Written by Chris Floyd   
Thursday, 11 March 2010 14:49

Rep. Dennis Kucinich's proposal to withdraw from Afghanistan was debated, heatedly, for hours in the House of Representatives on Wednesday. After the debate, dozens of Representatives cast their vote to end the war immediately. This was an unprecedented event in the history of the conflict, now in its ninth year.

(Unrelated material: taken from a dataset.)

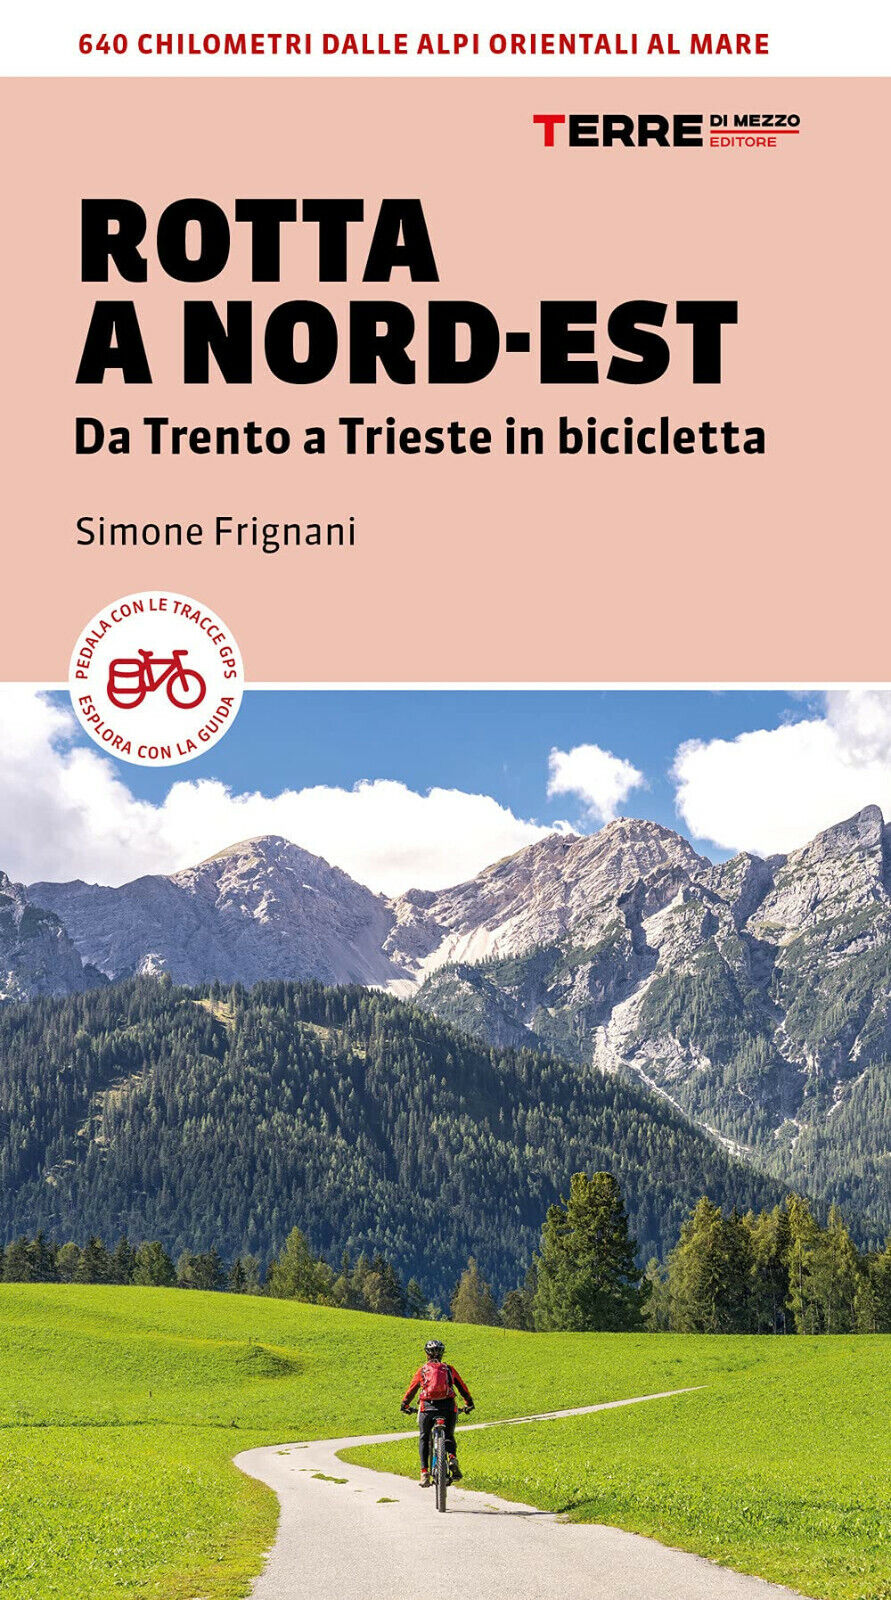 Italia coast to coast in bicicletta - Simone Frignani - terre di mezzo, 2022

Think about that for a moment: an unprecedented event, on the floor of the House, going on for hours, involving a question of supreme national importance. Regardless of one's position on the issue, is this not the very definition of "news"? But on Thursday morning, you could search high and low on the front pages (print and web) of both the New York Times and the Washington Post -- our national arbiters of serious newsworthiness -- yet find no mention whatsoever of this event. This, even though the web fronts -- unlike the paper versions -- contain headlines for dozens of stories, including sections devoted entirely to Washington politics.

You would have had to know about the debate already -- or else trawl diligently through piles of pixels or print -- to reach the small stories that our papers of record deigned to release on the subject. No ordinary newspaper reader -- someone who has a more than passing interest in current events but also has a life to live -- would even know that such a debate took place, much less learn anything about the powerful arguments against the war delivered on the floor of the national legislature. That is to say, it is entirely possible that a reasonably informed and engaged citizen of the Republic would not even be aware that dozens of elected officials at the highest level of government voiced their support for the most radical position on the war: immediate withdrawal.

But such is the way of our imperial system. Our ruling class does not want the citizenry to know there are any alternatives to the grand bipartisan consensus on the true aims of government: servicing the needs of Militarism and Money. And so what cannot be ignored entirely is buried "certain fathoms in the earth ... deeper than did ever plummet sound."

And as we noted yesterday, our rulers are greatly assisted in these efforts by "savvy" progressives who constantly belittle anyone who actually challenges this stifling and disastrous status quo. Anything that goes beyond a bit of mild tinkering and "tweaking" at the margins of the system is rejected by our savvy progs as "unrealistic." The modern "progressive" ethos seems to boil down to this: You must take whatever little thrice-chewed tidbit of cud the elite is willing to dribble out onto your plate -- and be happy about it. That clump of green viscous slime known as the health care reform bill? Why, that's a "great progressive victory!" Didn't you know?

The sad, degraded, destructive state of the "left" in modern America is clearly shown by this vignette from Seth Ackerman, writing of how a previous generation confronted health care reform:

The last big, ambitious measure [in social legislation], Medicare, was a government-run single payer program that displaced or preempted private health insurance coverage for about one in ten Americans. That’s why the AMA, Ronald Reagan, and the nascent conservative movement spared no effort to decry it as socialism.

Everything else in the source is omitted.